Por tercera vez nos volvemos a mirar de cerca pero esta vez con la expresión de espanto en ambos rostros.
—Ups, la cocina —digo en voz alta sin esperar respuesta alguna.
—Hups, hel ghazzzzz —la voz casi tenebrosa denota la justa preocupación mutua y corremos hacia la puerta de la habitación, él desgarrando el techo, yo gateando en el suelo mientras la explosión de la primera garrafa destroza e incendia lo que queda por quemar en la casa.
Entre las llamas y sin previo acuerdo nos dirigimos a través del pasillo hasta el comedor y, con un grito bestial y humano al unísono, cruzamos las columnas de fuego que se levantan sobre mi saturado living.

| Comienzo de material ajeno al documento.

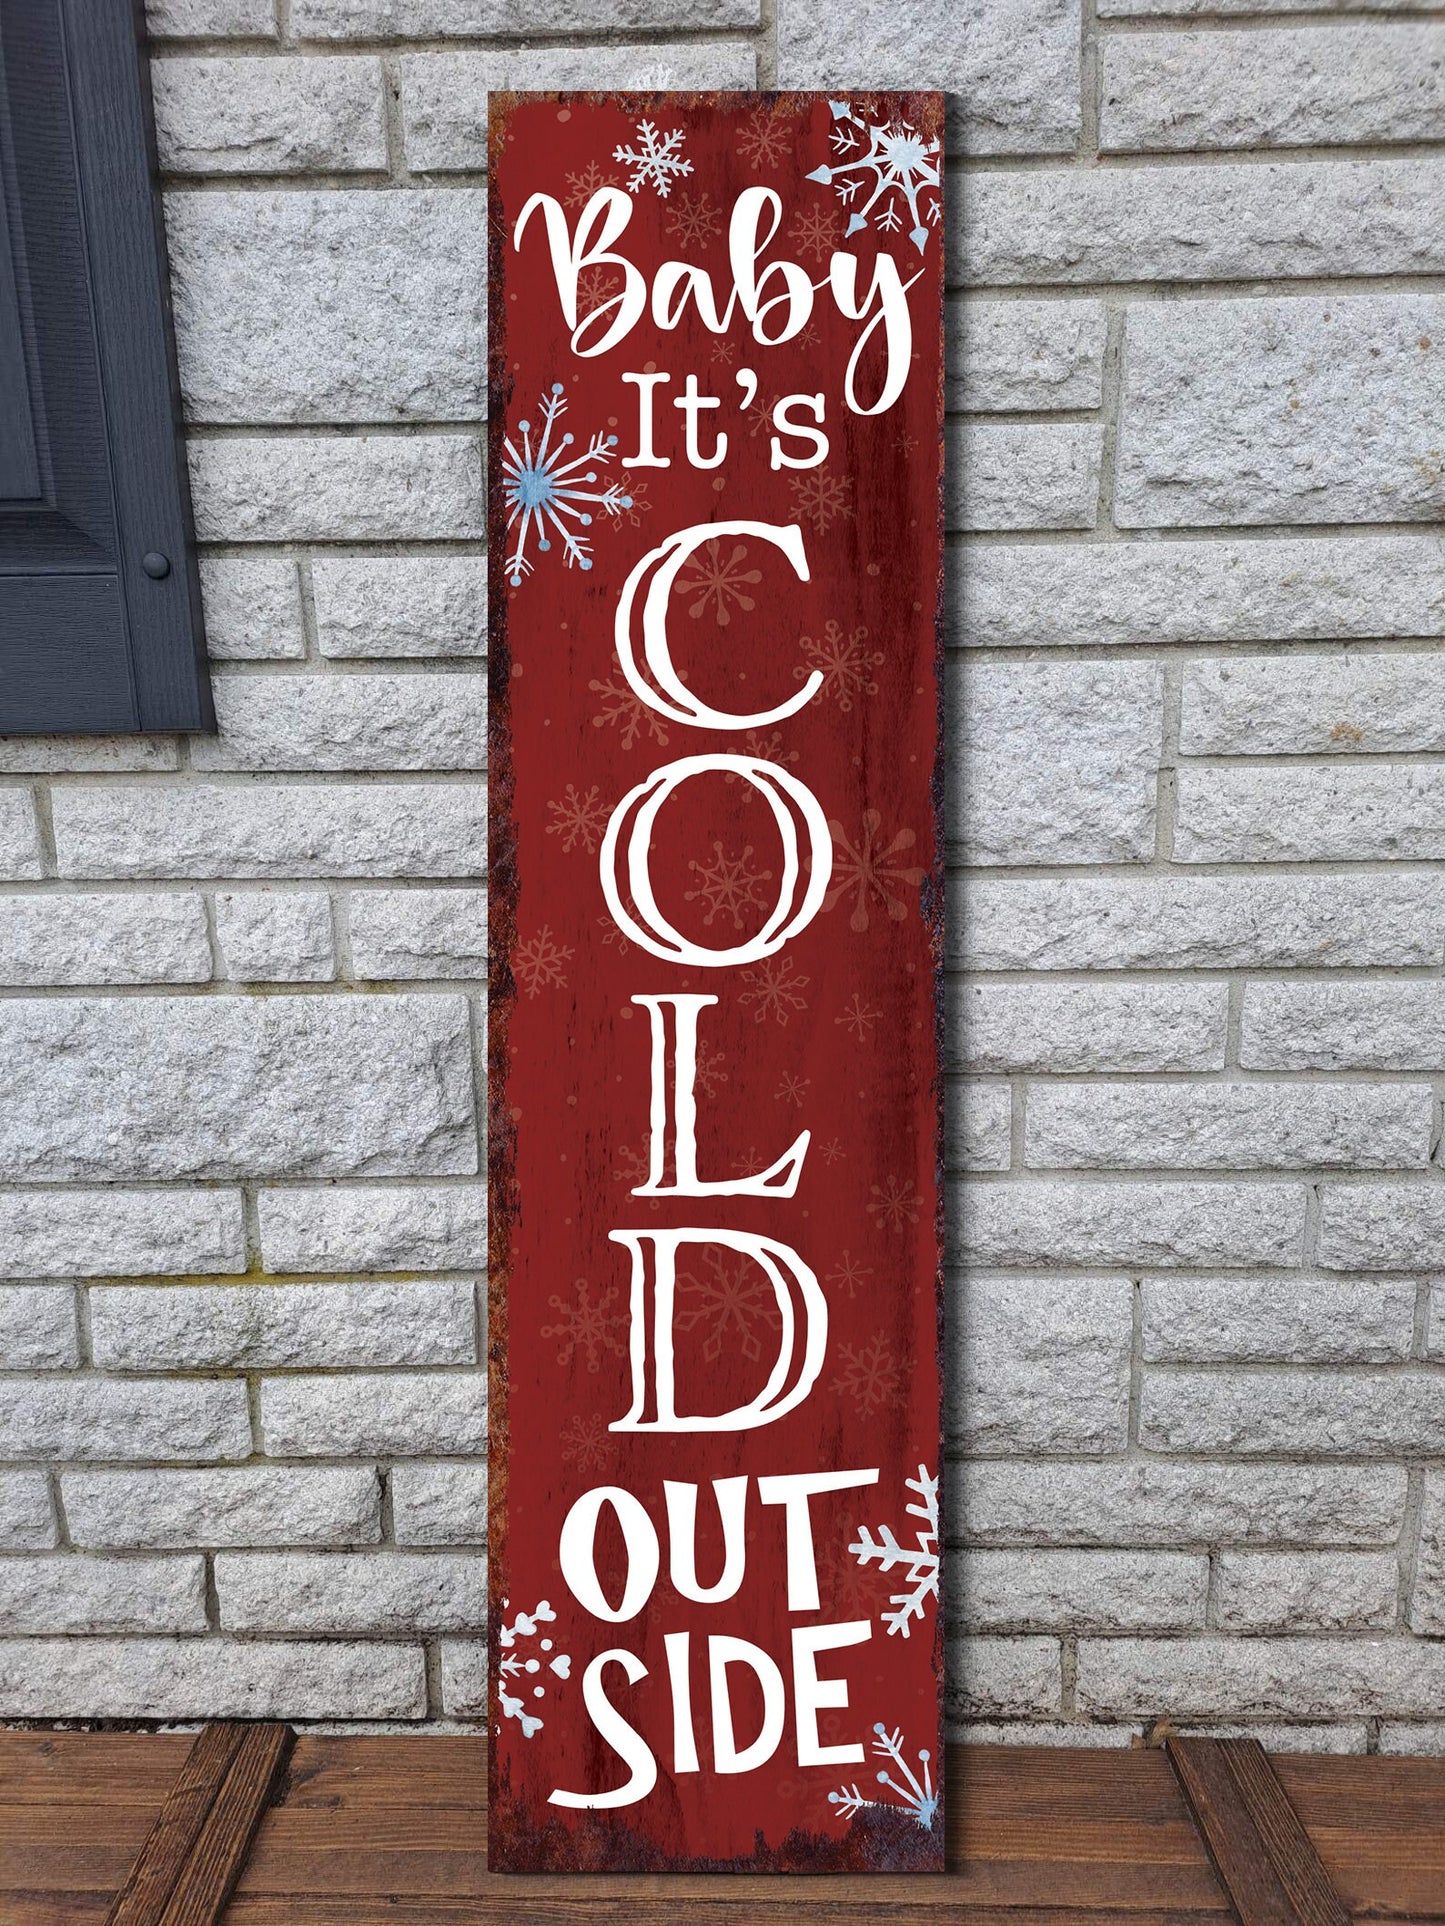 36in "Baby It's Cold Outside" Christmas Porch Sign | Front Porch Welcome Display | Rustic Modern Farmhouse Decor | Festive Entryway Board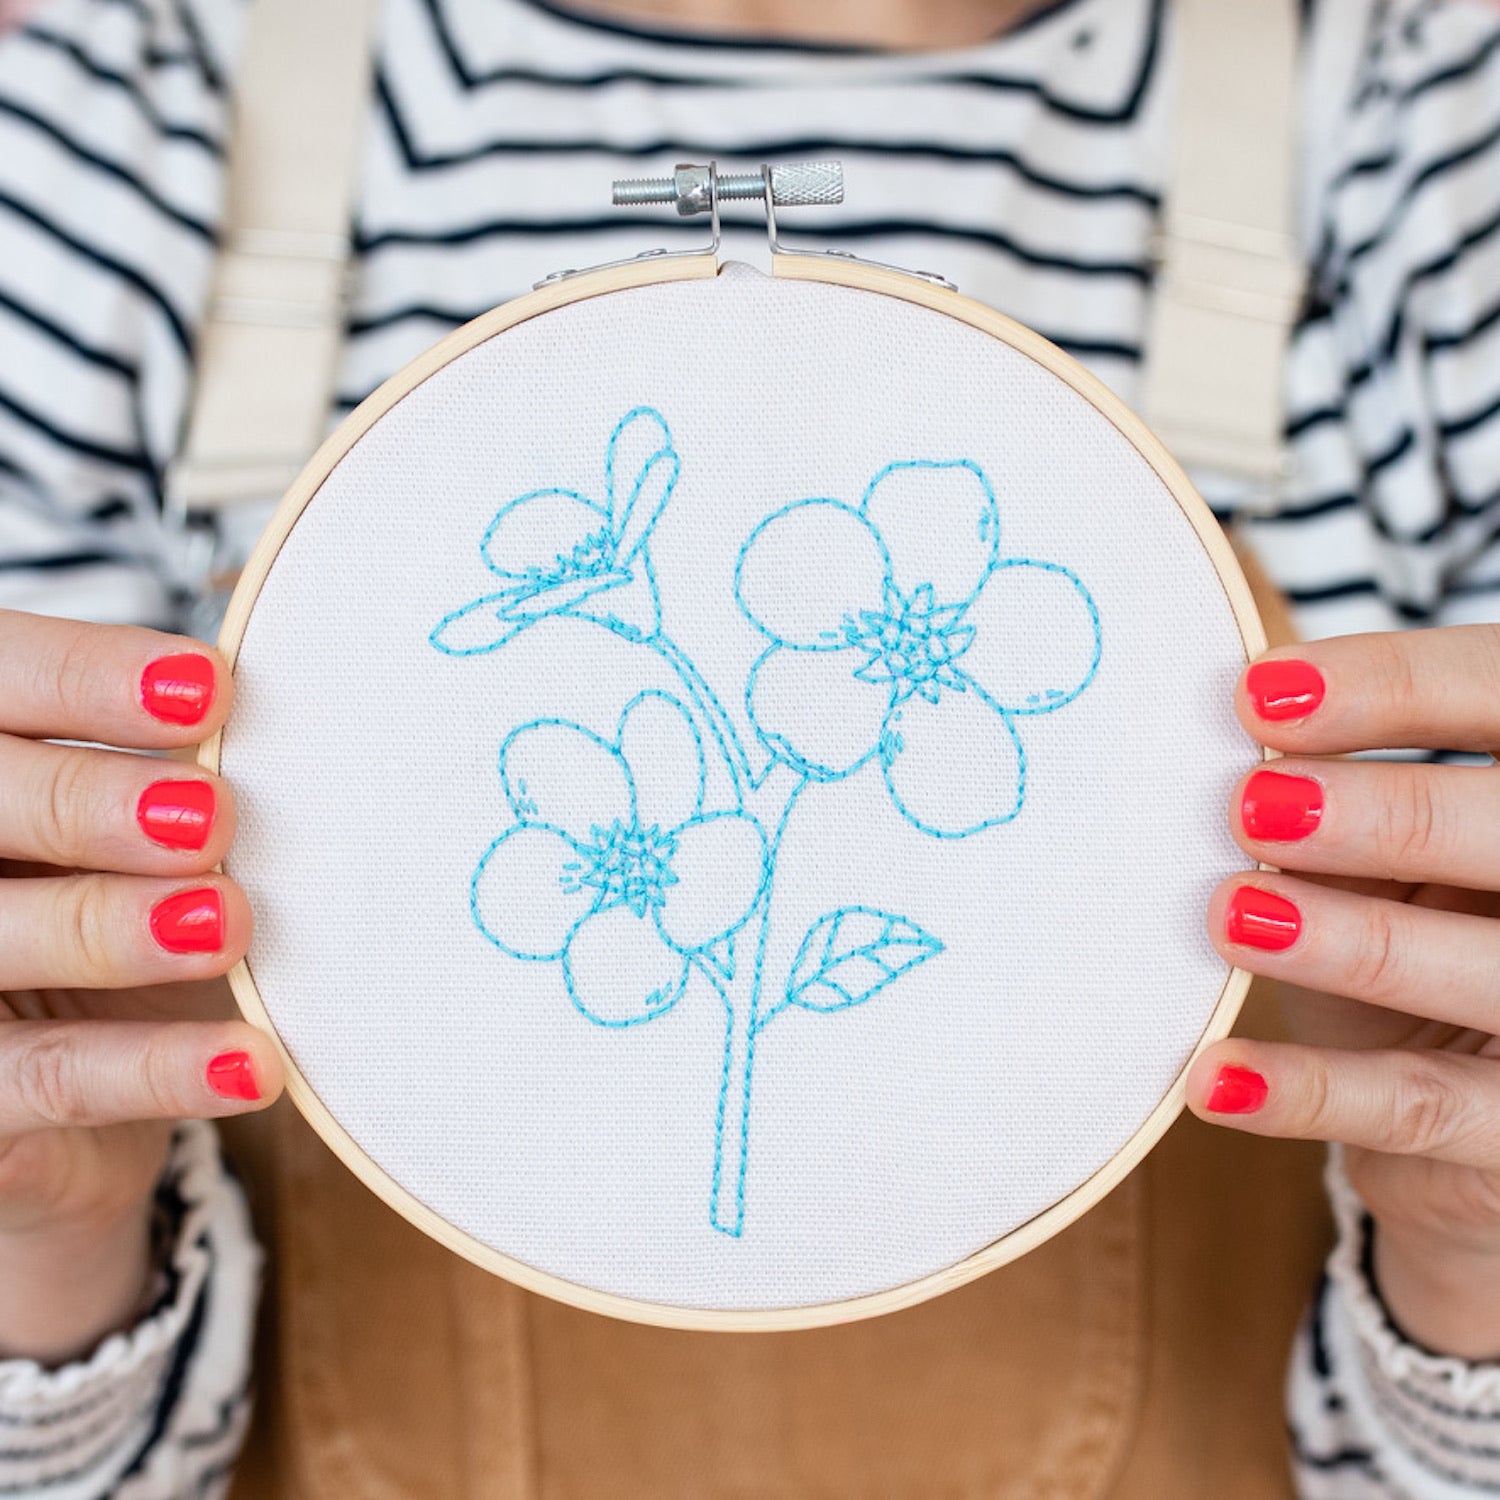 Beginner Embroidery Kit with Pattern and Needle, Hand Stamped Embroidery  Kits for Adults with Instructions Include Color Thread, Plastic Hoop &  Cotton Fabric (Yellow Daisies)

En mi depósito los fuegos artificiales y la otra garrafa dan el toque final a nuestra desventura mientras estamos a escasos centímetros del ventanal del comedor.
La segunda explosión lo arranca primeramente a él del techo y luego a mí del suelo. Nos junta con un montón de otros objetos —o al menos vestigios de estos— y nos proyecta a través del ventanal en el interior de una bola de fuego que se deshace sobre el otrora jardín del vecino de enfrente.
Sin más ceremonia, la casa se transforma en una gran pira y los dos quedamos uno al lado del otro humeantemente sentados sobre el césped antiguamente verde.
Contemplamos estupefactos y cenicientos el lugar donde podríamos habernos hallado al instante de todas aquellas llamaradas y, tal vez sin querer, la bestia deja salir un apagado.
—Miauf.
Acto seguido al cual me incorporo y le grito;
—¡¡¡ZAAAPE!!!
Su respuesta es inmediata como yo pretendía en un primer momento. El engendro huye por entre los arbustos, trepa a unos árboles y salta un lejano muro con la velocidad de una centella. Y ahora que todo ha terminado, mientras se amontonan curiosos y los bomberos planean llegar, me arrojo sobre el césped de un gran plantero a terminar el placido sueño que aquella pesadilla maullante osó interrumpir.